Deep down, Doris knew that her daughter had some undesirable traits, but she couldn’t admit it, not even to herself. When Bonny’s teacher complained that she led other children into trouble, Doris and Arnold believed she’d got it round the wrong way. Bonny’s many tall stories weren’t lies, but signs of ‘a vivid imagination’. When she refused food they never saw it as a ploy to gain attention, but as a reminder that she was ‘delicate’.
‘What about a sausage?’ Doris asked, sure Bonny sensed something was going on behind the scenes. ‘I had one put aside for Daddy, because he’s got the day off, but I’m sure he wouldn’t mind you having it.’

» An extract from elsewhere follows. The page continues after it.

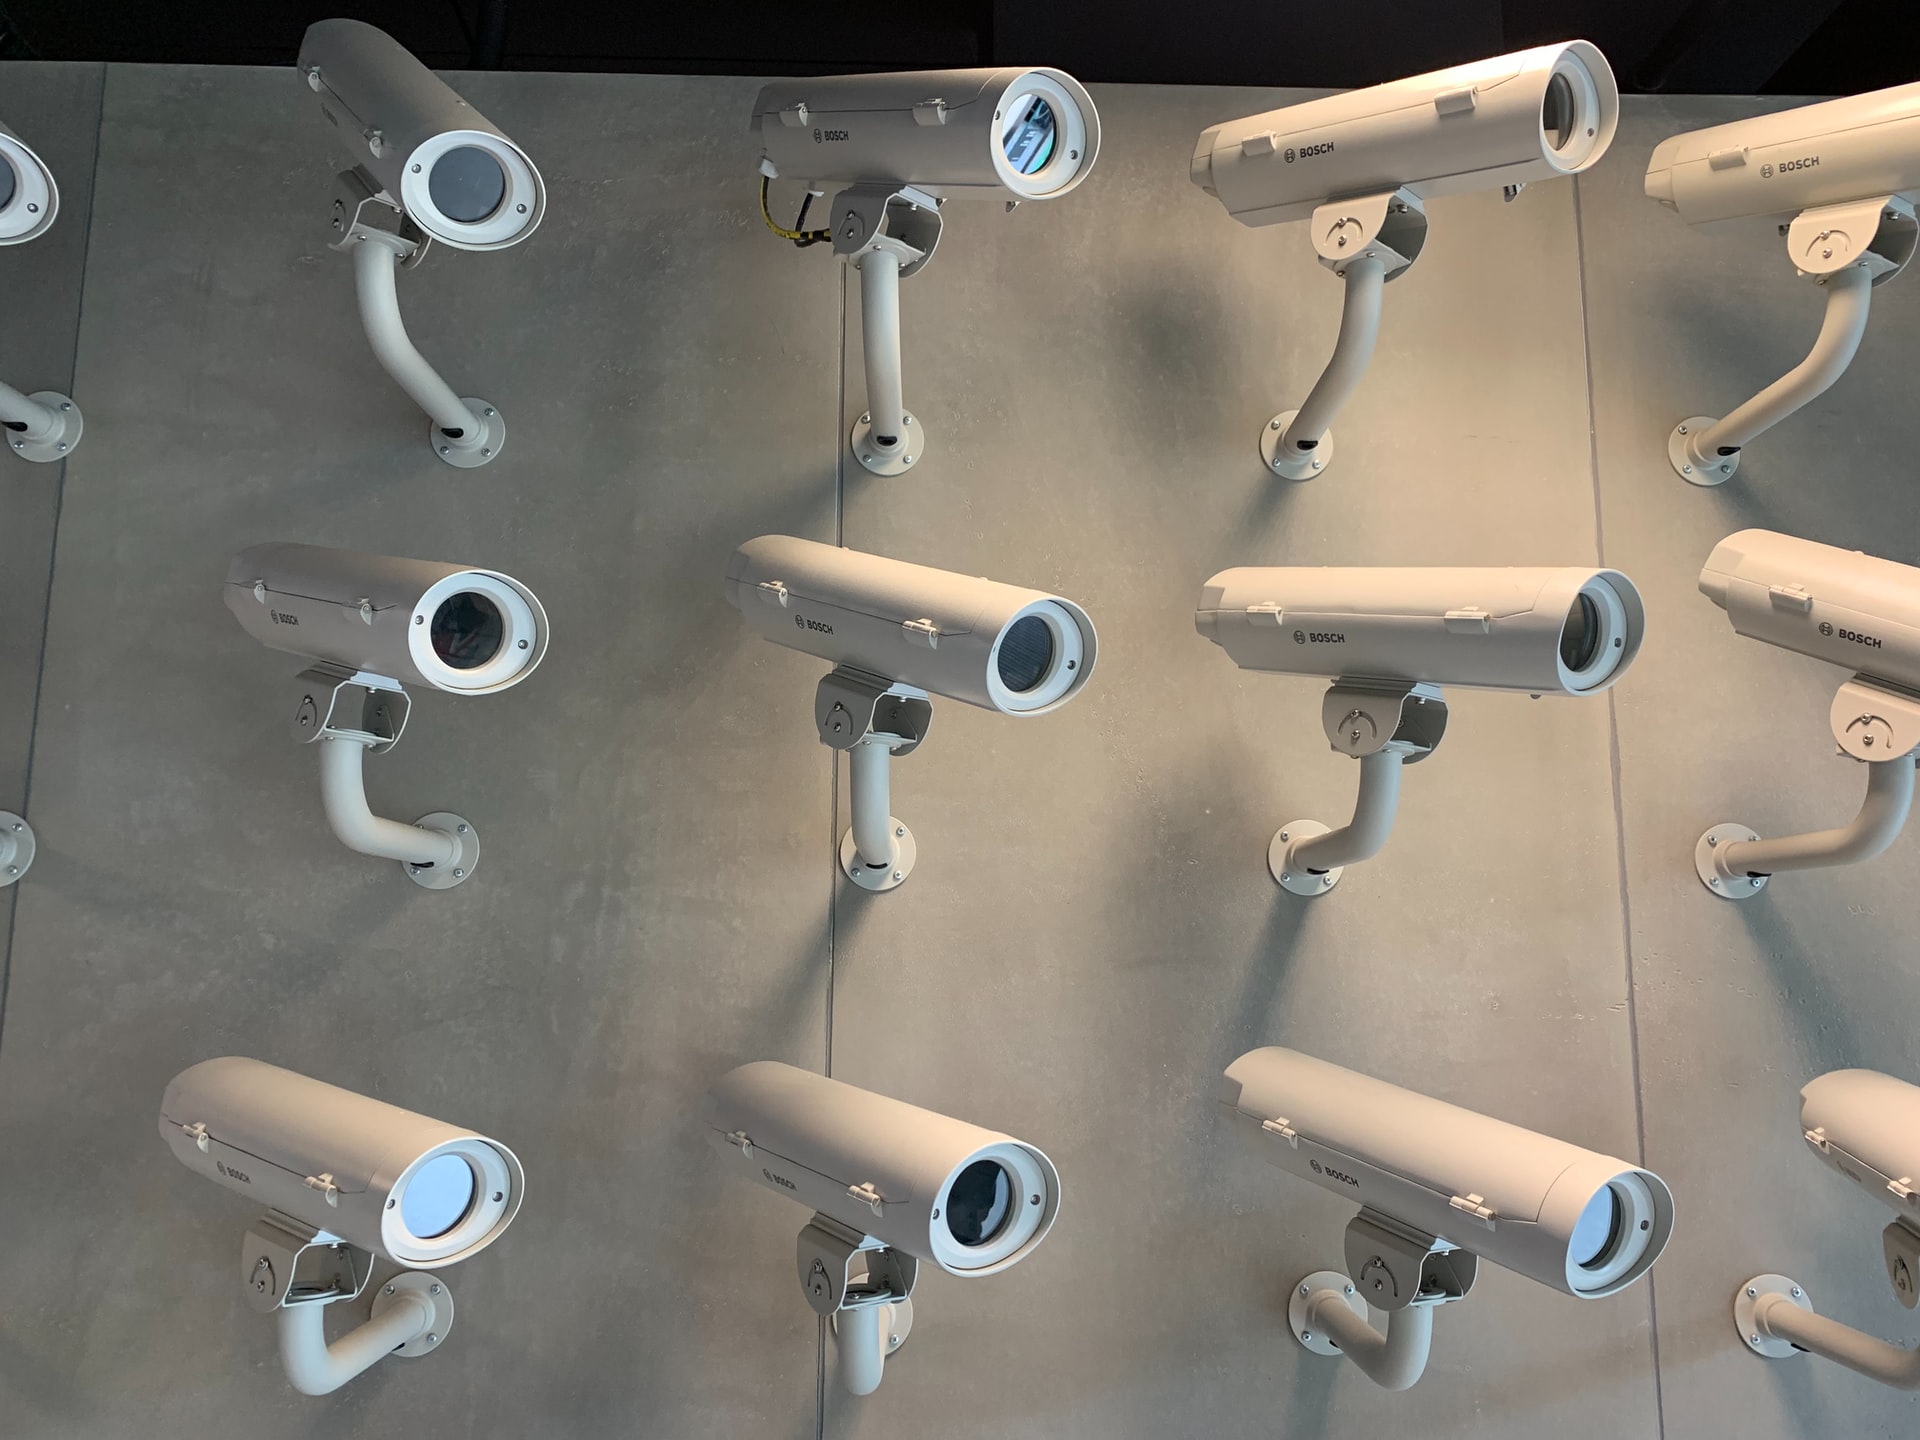 What You Should Know About Alabama’s Security Camera Laws

Bonny hesitated before replying. Her father always worked on Saturdays; if he had today off it had to be because of what they were talking about last night. Under the circumstances, it might be better to be more amenable.
‘I don’t want Daddy’s breakfast.’ Bonny made this sound rather noble. ‘I’ll eat the porridge.’

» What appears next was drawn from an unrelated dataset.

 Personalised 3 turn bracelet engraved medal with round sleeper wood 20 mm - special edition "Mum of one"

If Bonny were to be asked why she was so contrary with her mother, it was doubtful she’d be able to come up with any sensible answer. She knew she was loved, that she had everything any child could reasonably want, far more than most children on the Becontree estate had. Yet Bonny resented her parents. They didn’t allow her to play in the street or the park with other children. Her mother even met her outside the school gates at home time, despite living opposite. In the evenings she could hear other kids playing rounders on the school field until it was dark, but she had to be content with playing Snakes and Ladders with her mother or reading a book. These same kids teased her and called her ‘mummy’s girl’, and imitated the way Mrs Phillips tried to speak posh.
At the same time, Bonny was getting glimpses of another world through her dancing lessons, and it seemed she was excluded from this one too. The girls at dancing had posh voices, their fathers collected them in smart cars, they spoke of ponies, parties and going to Brownie camp. Bonny had seen them look down their narrow noses at her mother’s worn coat and on more than one occasion she’d been asked what it was like to live on a council estate.

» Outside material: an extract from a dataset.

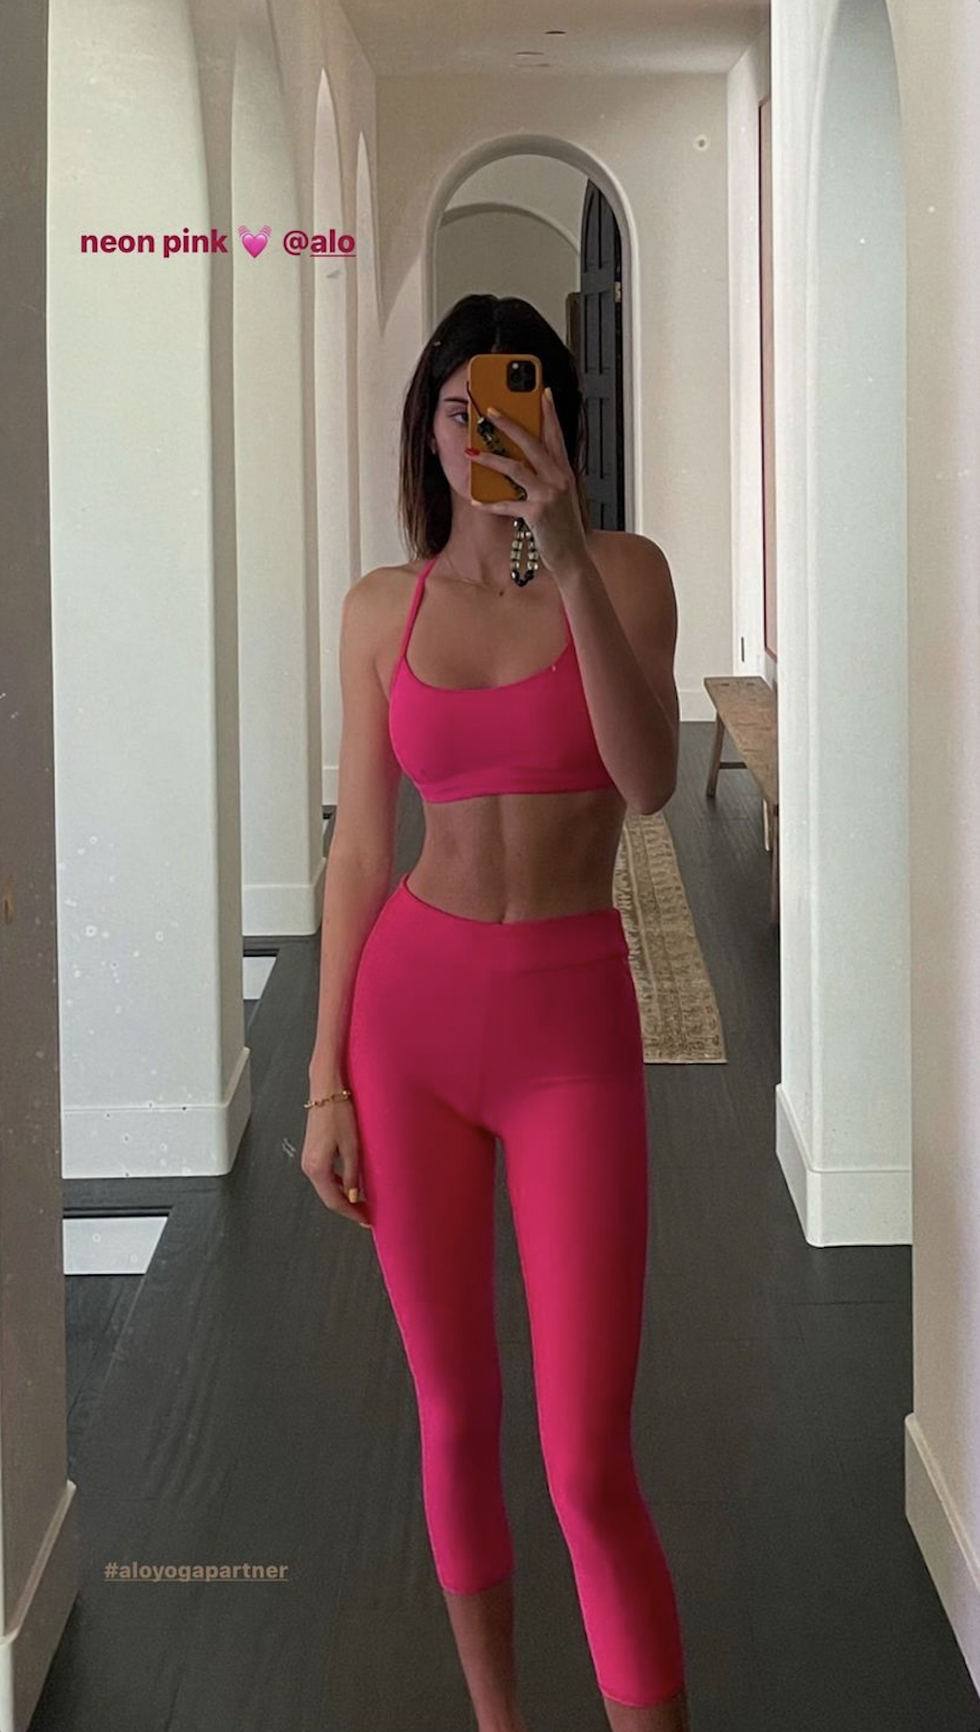 Kendall Jenner's Serving Body in A Pink Alo Sports Bra and Leggings

Bonny didn’t fit in either world. She didn’t want to be shabbily dressed with a snail trail under her nose and give up dancing so she could belong in Dagenham. Neither did she want to be like the prim goody-goodies of Romford with their swanky manners. But she hated being a misfit.
Today, though, Bonny’s behaviour was based on uncertainty. Although being sent away from home sounded exciting, she was frightened of the unknown.